Hizo todavía otra genialidad: La mano, el primer episodio de Eros. Y ahí dejó ver que la concisión podría ser una buena consejera para un cineasta con síndrome de hubris.

Después, la terrible decepción; My blueberry nights es una película indigna de su filmografía: como si un chapucero publicista americano pretendiera sacarse el gusto de imitar con torpeza a Wong Kar Wai.

Quedamos esperando el movimiento siguiente: tratando de pensar que My blueberry nights fue solo el mal paso de alguien que en seguida se recompondría. Mucho tiempo esperamos hasta que llegara El arte de la guerra.

Acá están todos los yeites de Wong, el foco crítico en los PPP, la lluvia filmada en picados, los ralentis, los carteles en esa tipografía china tan atractiva, carteles que funcionan como uno de los puntos de enunciación de sus relatos, porque también apela a la voz en off evocadora del protagonista que recuerda en primera persona. Siempre nos queda la pregunta de en qué tiempo se ubica la voz narradora, siempre parece estar evocando los sucesos muchos años después de haberlos vivido.

Todos esos procedimientos están, como para que uno se dé cuenta de que la película es de Wong. Y están esos planos perfectos, ese luz dorada que inunda la pantalla, esos verde azulados, esos planos que uno quisiera capturar para llevárselos a su casa de tan lindos.

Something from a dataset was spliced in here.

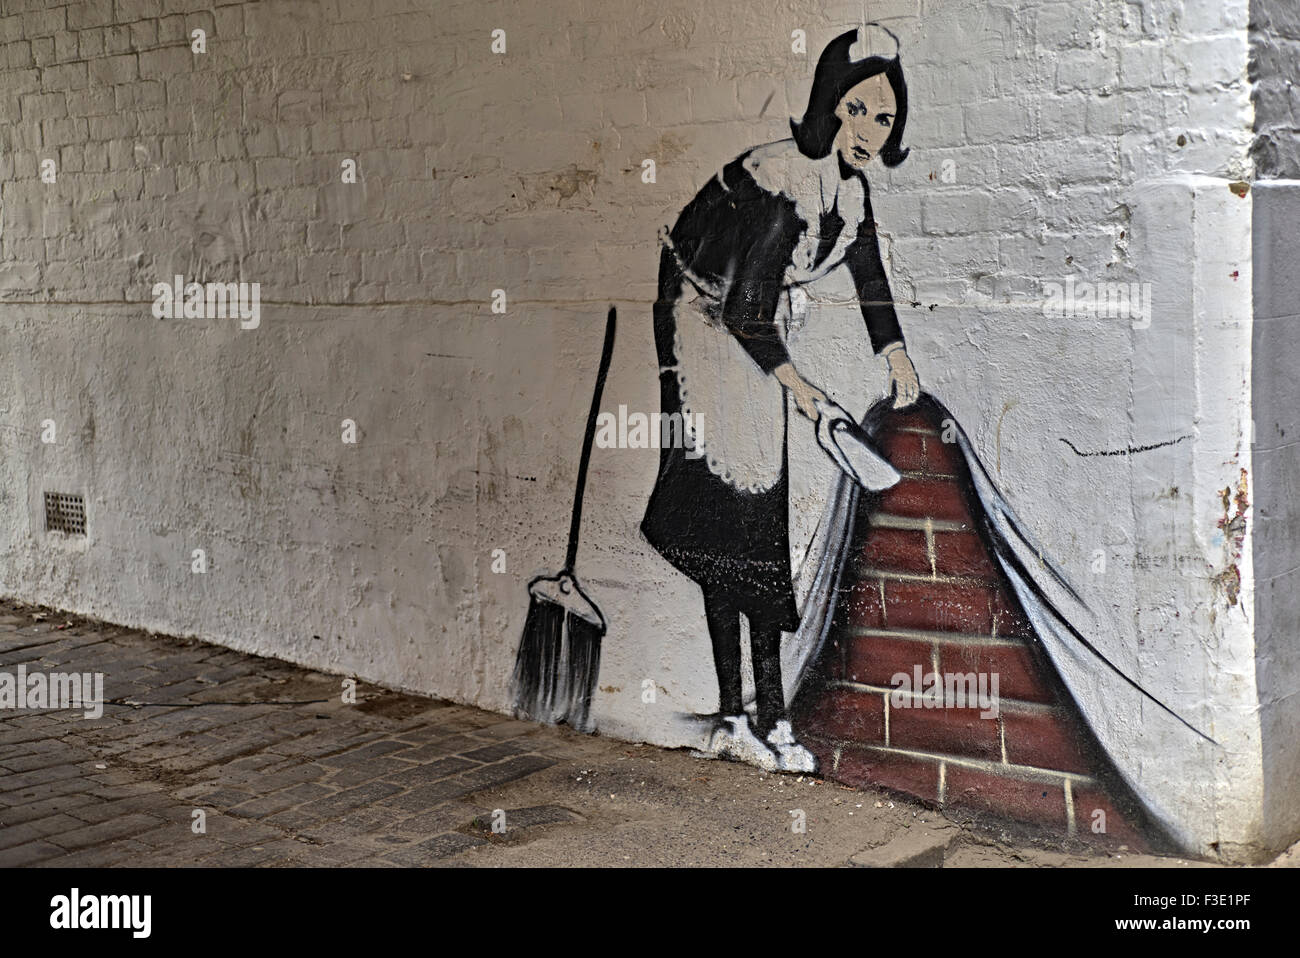 Wall art  'Banksy style' England UK Stock Photo

El arte de la guerra está llena de esos planos súmamente lindos, pero de una lindura que empalaga. Sobre todo porque sus personajes no nos despiertan el menor interés. Ya no nos trasmiten ese ánimo de amar de 13 años atrás. Decir que son personajes es ya decir demasiado: son construcciones hechas de palabras y primerísimos planos con foco crítico y luz dorada, con voces que los narran. Pero a través de esos procedimientos ya no circula la vida. El perfeccionismo que se le atribuye a Wong (que alguna vez ejerció) ahora es más bien engolosinamiento por hacer planos lindos que flotan en un archipiélago de linduras, todo anegado.

No importa: le debemos tan buenos momentos que lo seguiremos esperando. Capaz que algún día Wong Kar Wai vuelve.